After drawing your histogram, you determined that the busiest hour for Uber pickups was 17:00. Let’s redraw the map to show the concentration of pickups at 17:00.

  1. Locate the following code snippet:

    st.subheader('Map of all pickups')
    st.map(data)
    
  2. Replace it with:

    hour_to_filter = 17
    filtered_data = data[data[DATE_COLUMN].dt.hour == hour_to_filter]
    st.subheader(f'Map of all pickups at {hour_to_filter}:00')
    st.map(filtered_data)
    
  3. You should see the data update instantly.

To draw this map we used a simple map function that’s built into Streamlit, but if you’d like to visualize complex map data, we encourage you to take a look at the st.deckgl_chart.

Filter results with a slider

In the last section, when you drew the map, the time used to filter results was hardcoded into the script, but what if we wanted to let a reader dynamically filter the data in real time? Using Streamlit’s widgets you can. Let’s add a slider to the app with the st.slider() method.

  1. Locate hour_to_filter and replace it with this code snippet:

    hour_to_filter = st.slider('hour', 0, 23, 17)  # min: 0h, max: 23h, default: 17h
    
  2. Use the slider and watch the map update in real time.

Use a button to toggle data

Sliders are just one way to dynamically change the composition of your app. Let’s use the st.checkbox function to add a checkbox to your app. We’ll use this checkbox to show/hide the raw data table at the top of your app.

  1. Locate these lines:

    st.subheader('Raw data')
    st.write(data)
    
  2. Replace these lines with the following code:

    if st.checkbox('Show raw data'):
        st.subheader('Raw data')
        st.write(data)
    

We’re sure you’ve got your own ideas. When you’re done with this tutorial, check out all the widgets that Streamlit exposes in our API reference.

Let’s put it all together

That’s it, you’ve made it to the end.

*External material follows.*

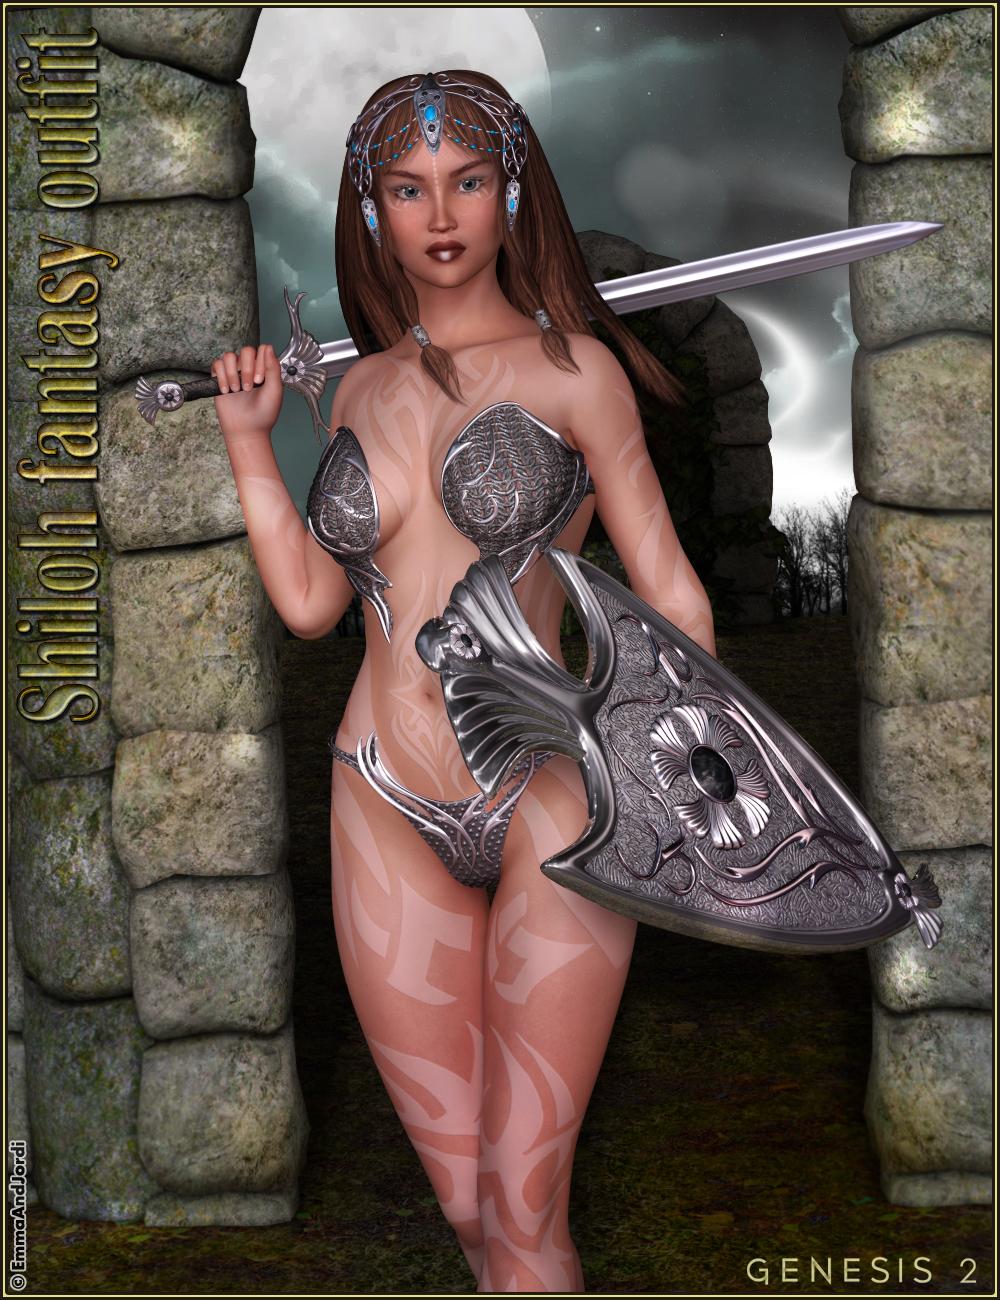 Shiloh Fantasy Outfit by: EmmaAndJordi, 3D Models by Daz 3D

Here’s the complete script for our interactive app.

Tip

If you’ve skipped ahead, after you’ve created your script, the command to run Streamlit is streamlit run [app name].

import streamlit as st
import pandas as pd
import numpy as np

st.title('Uber pickups in NYC')

DATE_COLUMN = 'date/time'
DATA_URL = ('https://s3-us-west-2.amazonaws.com/'
            'streamlit-demo-data/uber-raw-data-sep14.csv.gz')

@st.cache
def load_data(nrows):
    data = pd.read_csv(DATA_URL, nrows=nrows)
    lowercase = lambda x: str(x).lower()
    data.rename(lowercase, axis='columns', inplace=True)
    data[DATE_COLUMN] = pd.to_datetime(data[DATE_COLUMN])
    return data

data_load_state = st.text('Loading data...')
data = load_data(10000)
data_load_state.text('Loading data... done!')

if st.checkbox('Show raw data'):
    st.subheader('Raw data')
    st.write(data)

st.subheader('Number of pickups by hour')
hist_values = np.histogram(data[DATE_COLUMN].dt.hour, bins=24, range=(0,24))[0]
st.bar_chart(hist_values)

# Some number in the range 0-23
hour_to_filter = st.slider('hour', 0, 23, 17)
filtered_data = data[data[DATE_COLUMN].dt.hour == hour_to_filter]

st.subheader('Map of all pickups at %s:00' % hour_to_filter)
st.map(filtered_data)